WHAT IS BEING ASKED: Once you reach the line with "Блюдце Nuova R2S Романтические розы, диаметр" in the material below, copy each line exactly up to and including the line with "Background giấy cũ bản đồ", and skip the pictures.

ENTRIES SUPPLIED:
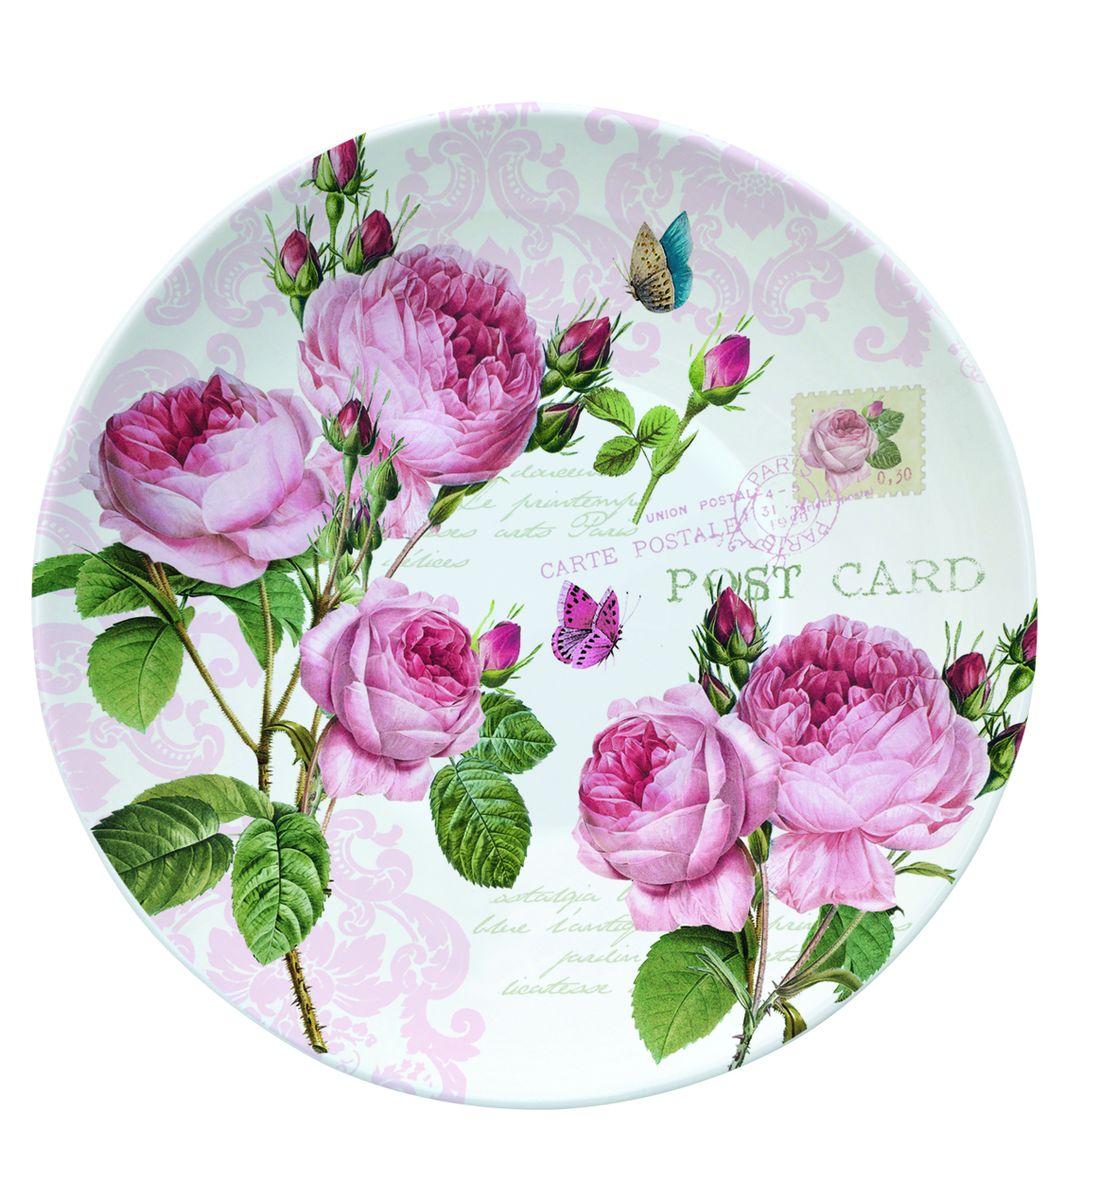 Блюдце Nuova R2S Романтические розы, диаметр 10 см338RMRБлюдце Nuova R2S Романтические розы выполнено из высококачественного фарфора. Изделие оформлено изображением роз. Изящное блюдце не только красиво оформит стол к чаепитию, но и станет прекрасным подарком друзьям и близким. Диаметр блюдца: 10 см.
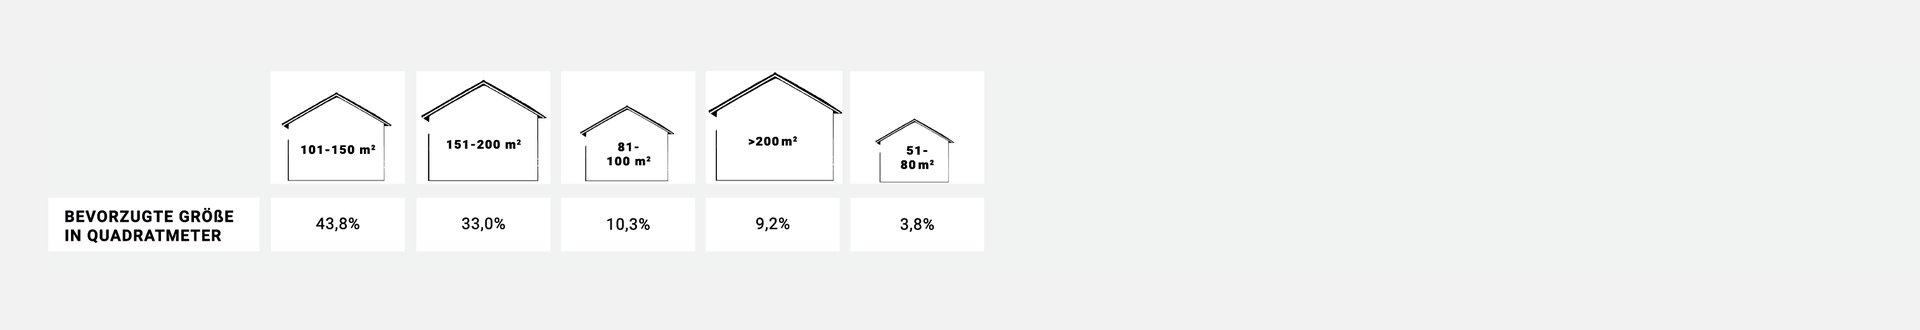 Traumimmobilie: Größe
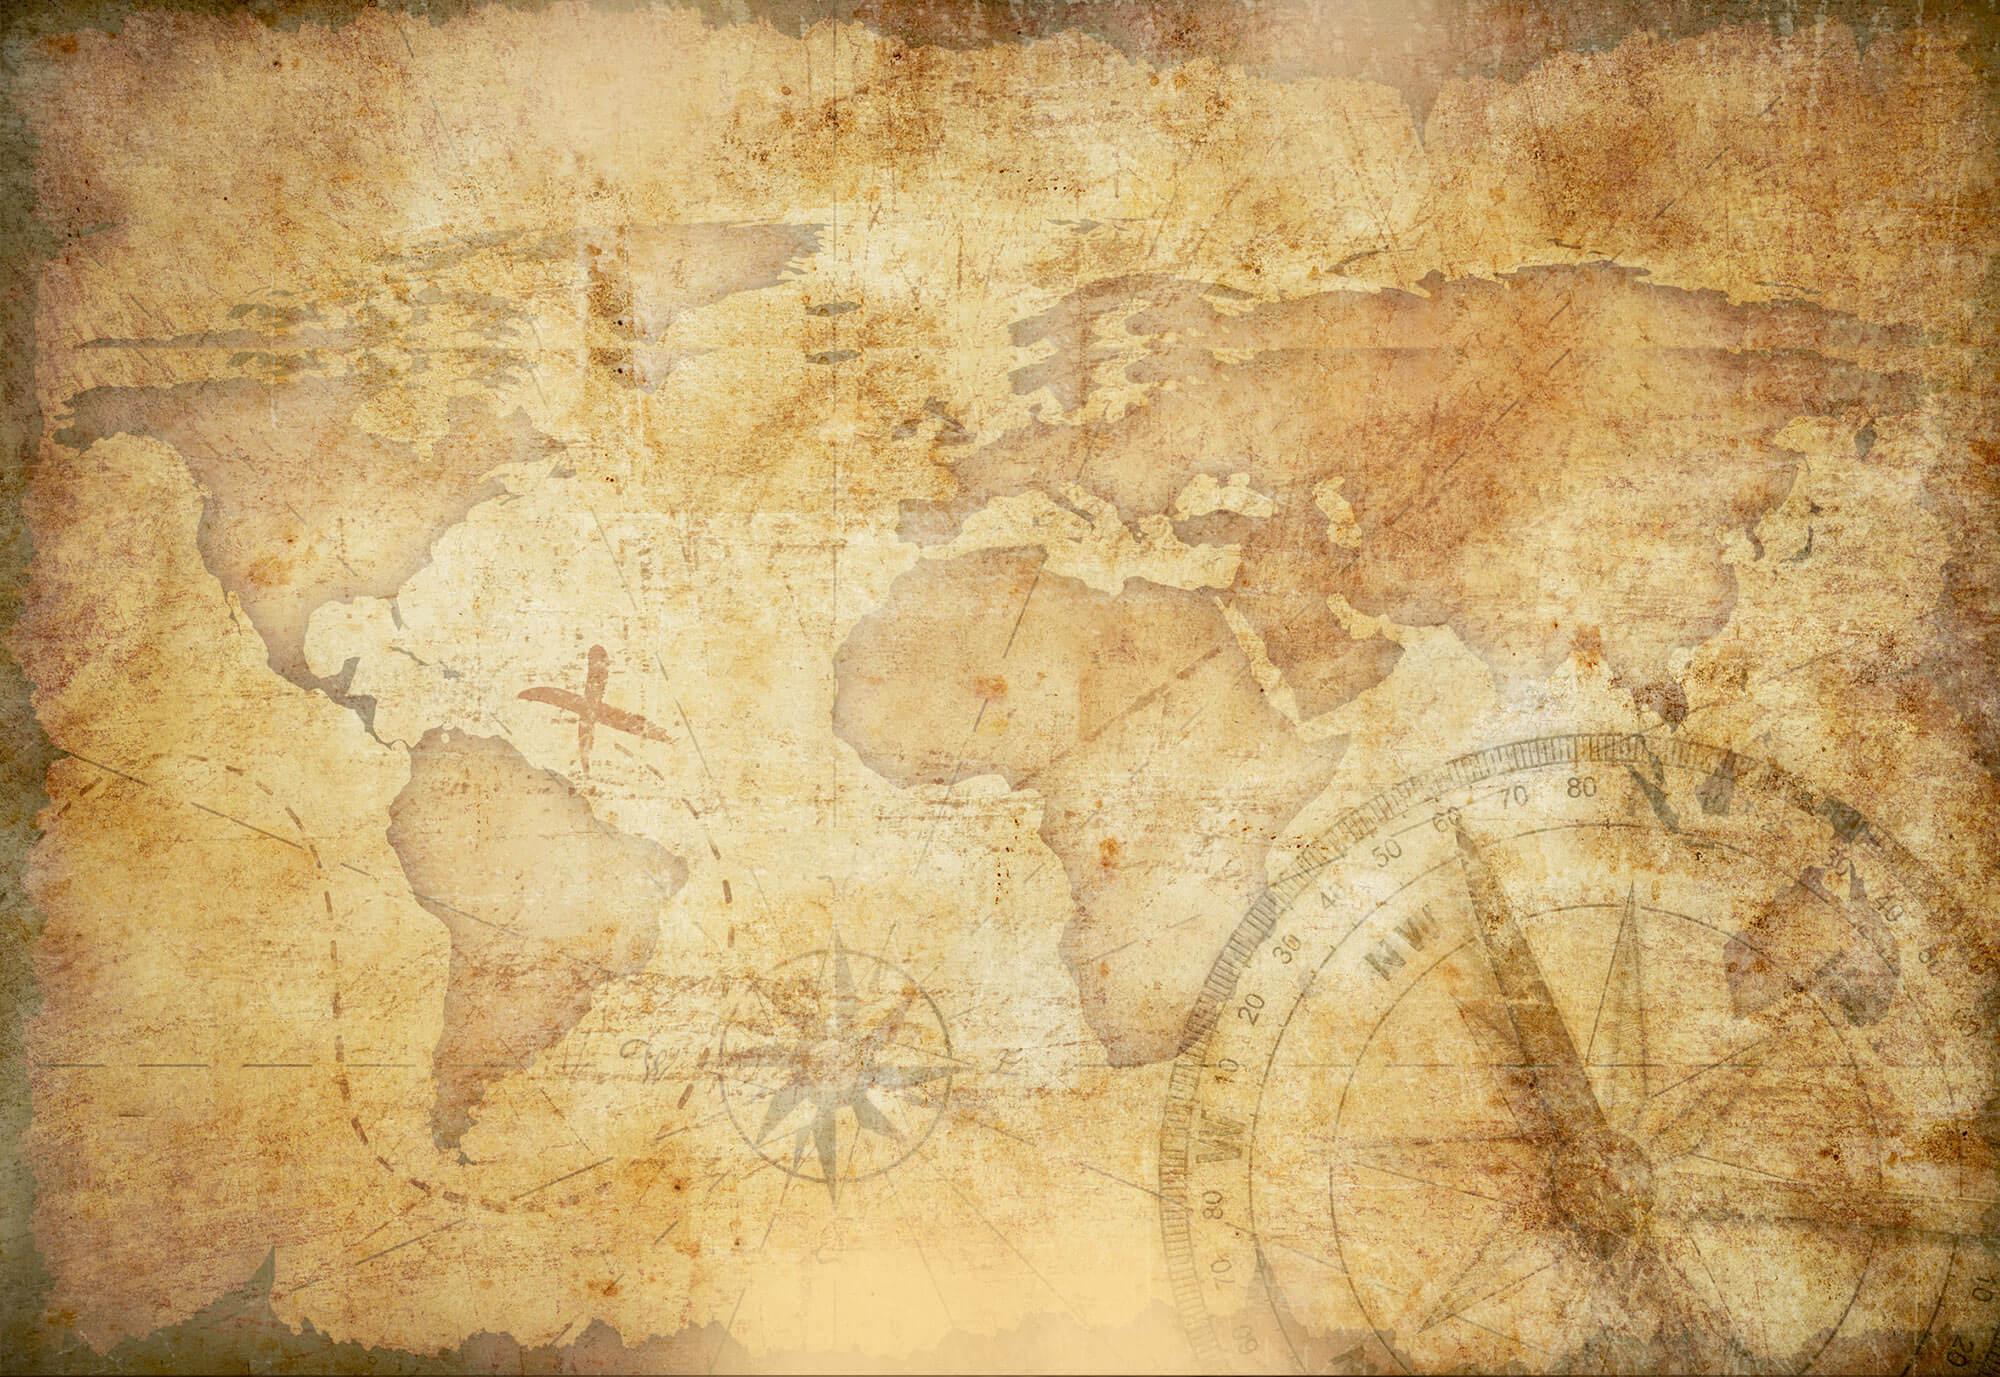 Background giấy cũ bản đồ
* * *
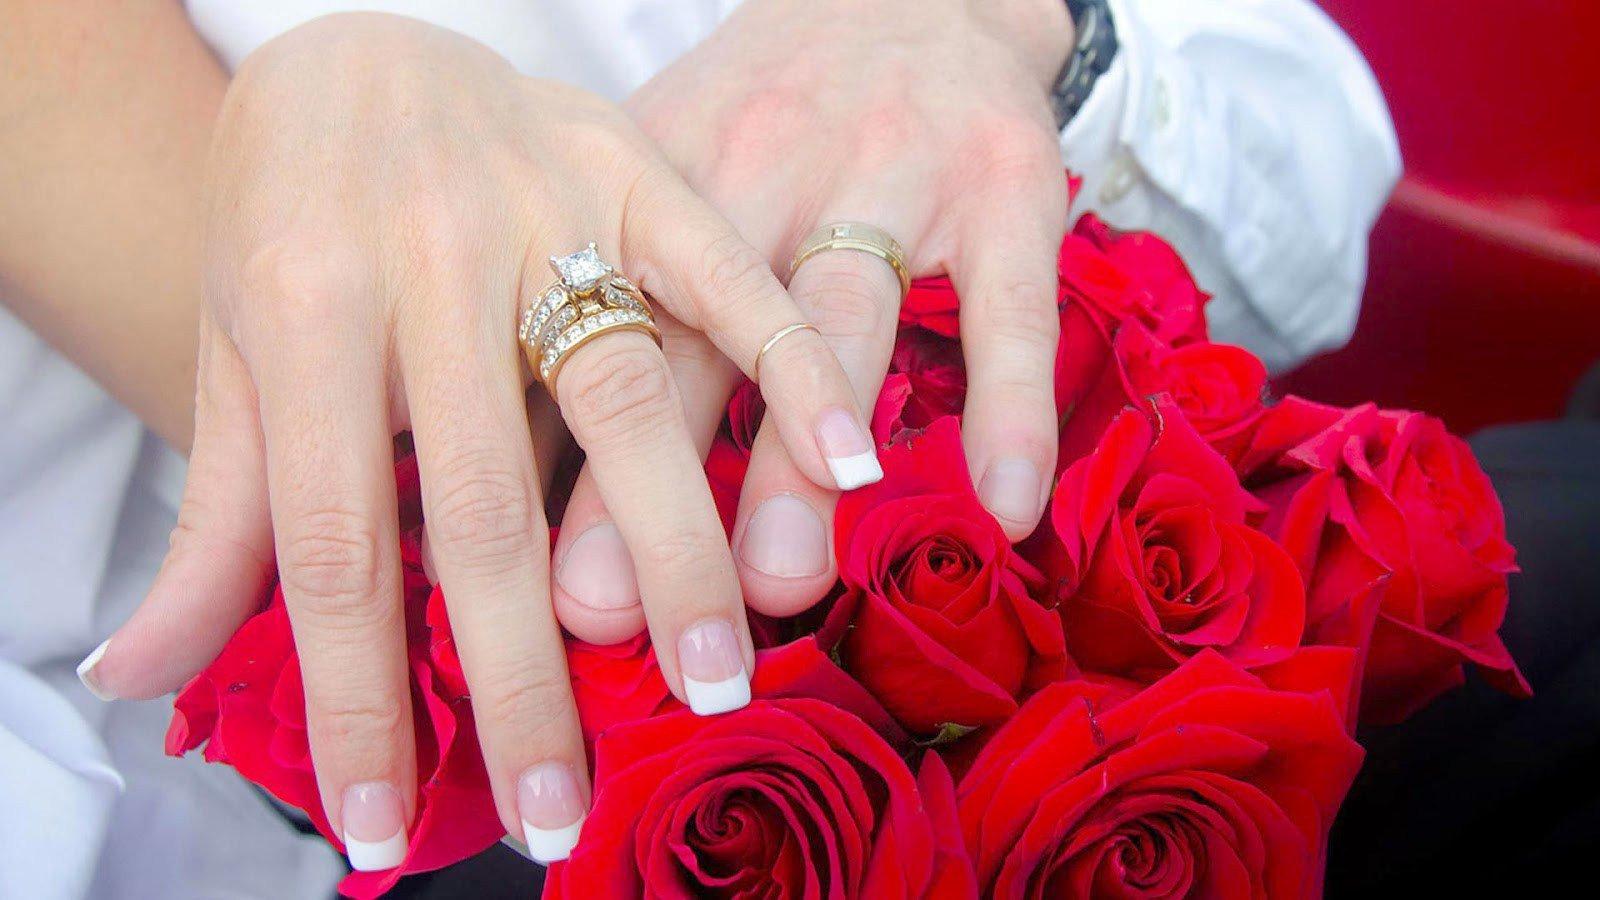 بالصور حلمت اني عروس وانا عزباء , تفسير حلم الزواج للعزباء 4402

SOLUTION BELOW:
 Блюдце Nuova R2S Романтические розы, диаметр 10 см338RMRБлюдце Nuova R2S Романтические розы выполнено из высококачественного фарфора. Изделие оформлено изображением роз. Изящное блюдце не только красиво оформит стол к чаепитию, но и станет прекрасным подарком друзьям и близким. Диаметр блюдца: 10 см.
 Traumimmobilie: Größe
 Background giấy cũ bản đồ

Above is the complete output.